Nova equipe, nova firma, novo crachá e cargo. Readaptar-se, bater cabeça, sair da caixa. "Você consegue, tem 21", me forçava a pensar.

Ajudar a construir uma empresa, vê-la nascer. "Será que vai dar certo?". Todos os olhos estavam voltados para nós, sabíamos disso, só não tínhamos dimensão do peso. O brinde pelo feito? No dia seguinte à estreia, o anúncio da pandemia mais avassaladora do século.

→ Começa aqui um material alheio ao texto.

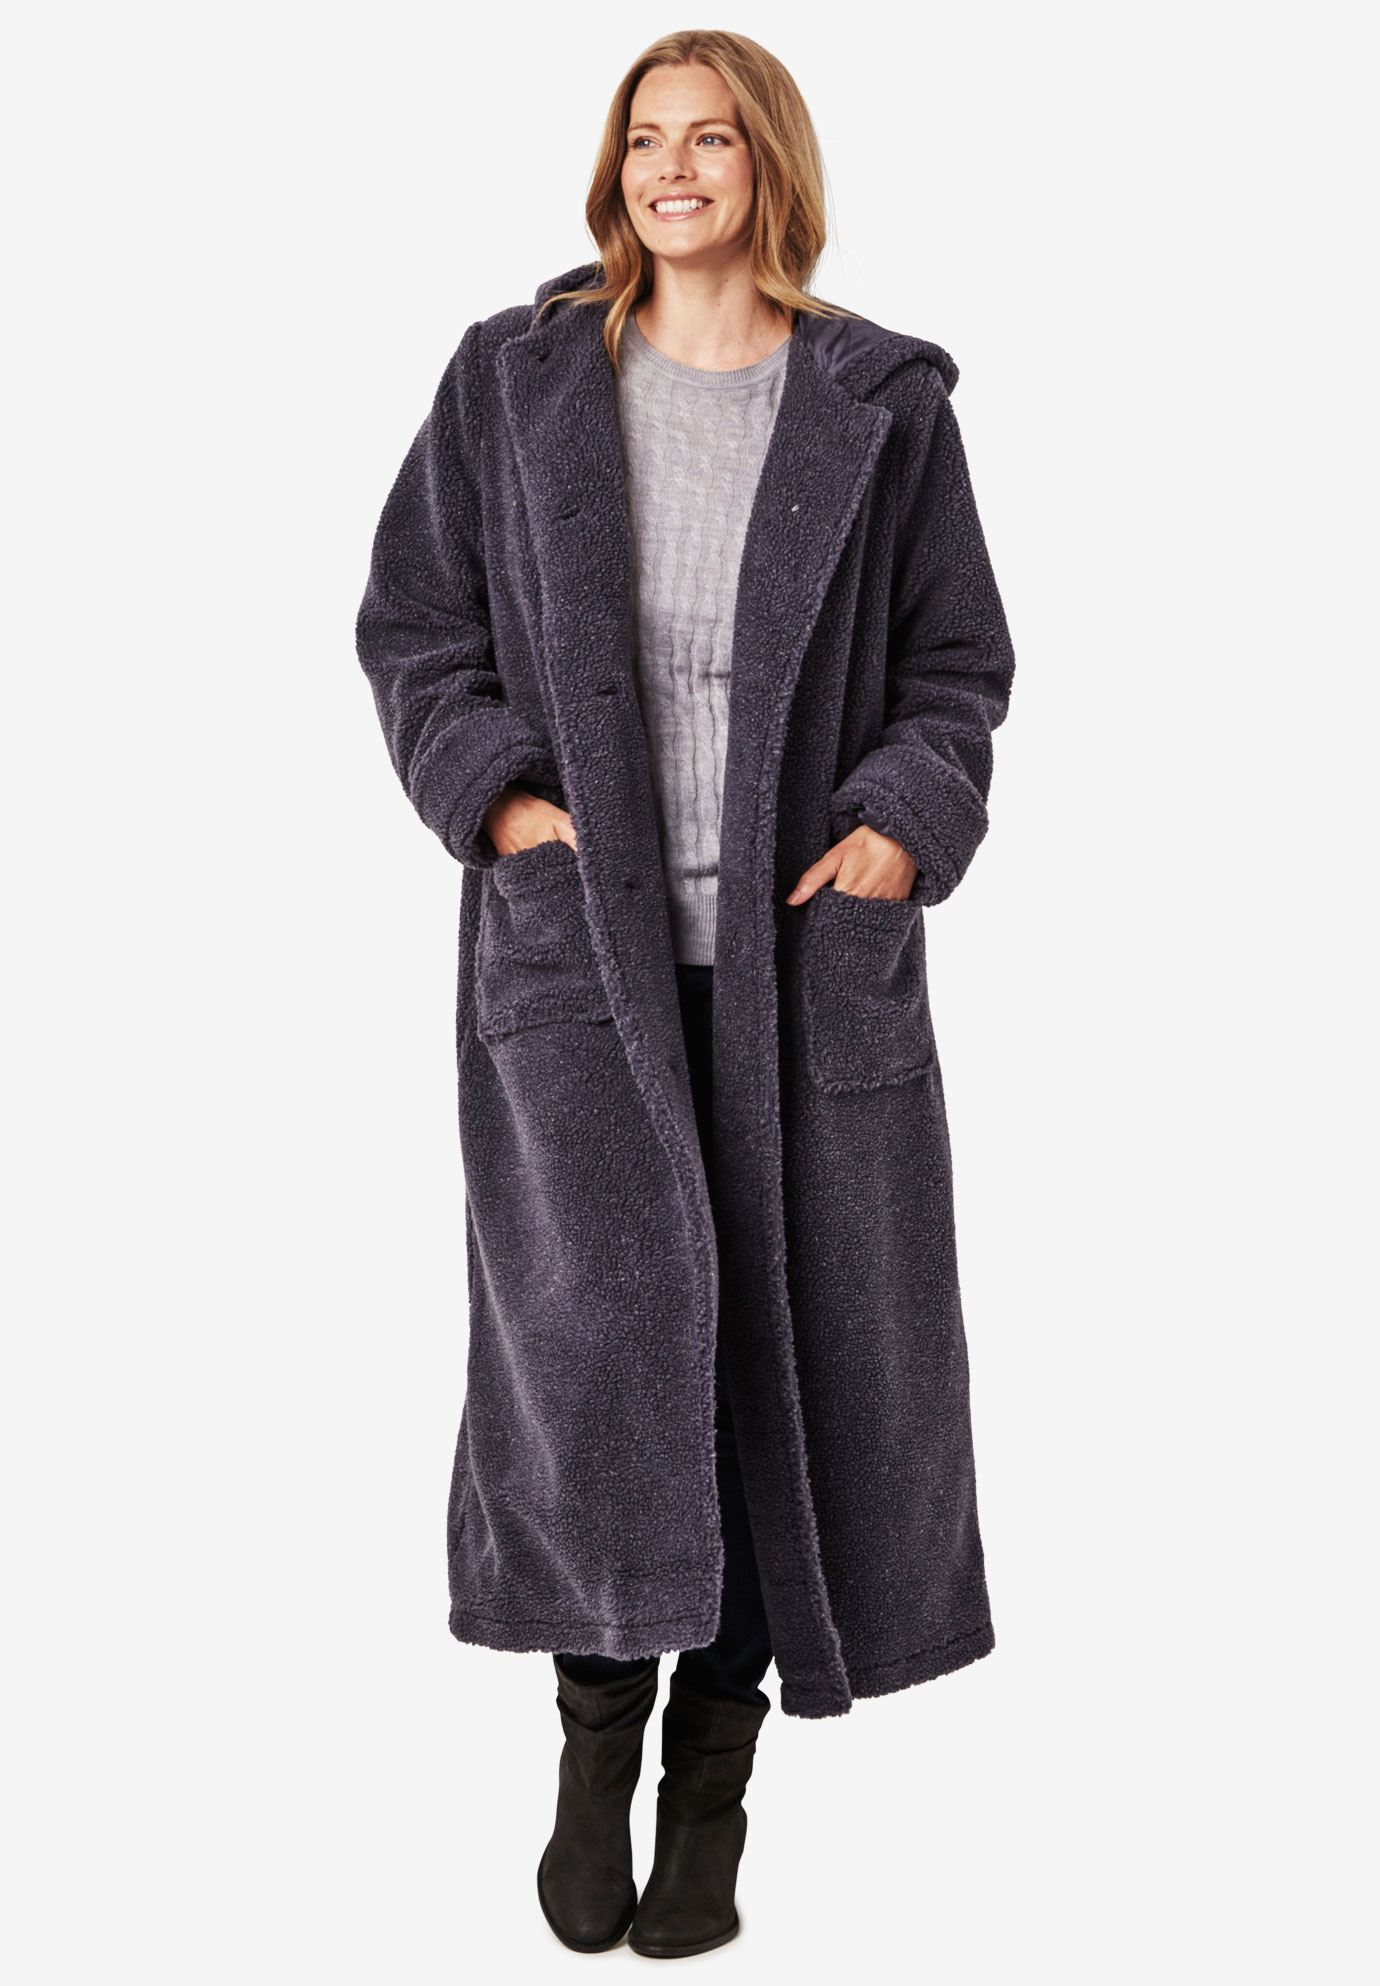 3220b7a22c7 Hooded Berber Fleece Duster Coat

Corre, vai, cobre, pega fala, tenta entender, não entende, volta. Edita, escreve texto, grava cabeça. Entre gabinetes de crise, autoritários em autoridade, o mundo desabava. No início, era um. No meio, 100 mil. Agora, pouco falta para a marca de 200 mil vidas ceifadas.

Corpo baqueia. Cansaço? Não só. Do noticiar ao noticiado, virei dado, infectado pelo invisível vírus. Mexo e remexo na cama por 18 dias, volto acreditando na melhora, mas retorno para o lar. 20 dias isolado, um aniversário solitário e o pânico de contágio de meus familiares.

O período "sabático" nos possibilita a religar toda a rebimboca da parafuseta, e tomar decisões difíceis. "Não, não quero mais. Não aguento mais". Cabeças a mil, os ombros já não suportam tanto.

Mais um pedido de demissão.

Medo, ansiedade e a certeza de que o aluguel está pago. "Mas e no próximo mês? Será que consigo?". Quatro meses desempregado, procurando, tentando empreender. Não é fácil, não seria.

Se no meio do caminho tinha uma pedra, brotou no meu o convite para captar, como antena, as vivências e experiências desse espaço-tempo. Colocar em páginas a vida de personagens que existem, dando vazão à dinâmica favelada de mais uma pandemia. Um mês e meio de escrita, algumas madrugadas boas e voilà, tava feito.

Livro publicado, lives em Instagram, a honra de poder estar aqui em Ecoa e também na revista "Época". As luzes no fim do túnel, o encontro com o último rés de esperança. Agarrá-lo, tendo a exata compreensão dos feitos.

Você existiu e ponto, 2020. De minha pequenez enquanto ser, nada posso fazer para esquecê-lo. Seria egoísta de minha parte, birra, mal agrado. Mas também não vou tornar como "o ano da minha vida".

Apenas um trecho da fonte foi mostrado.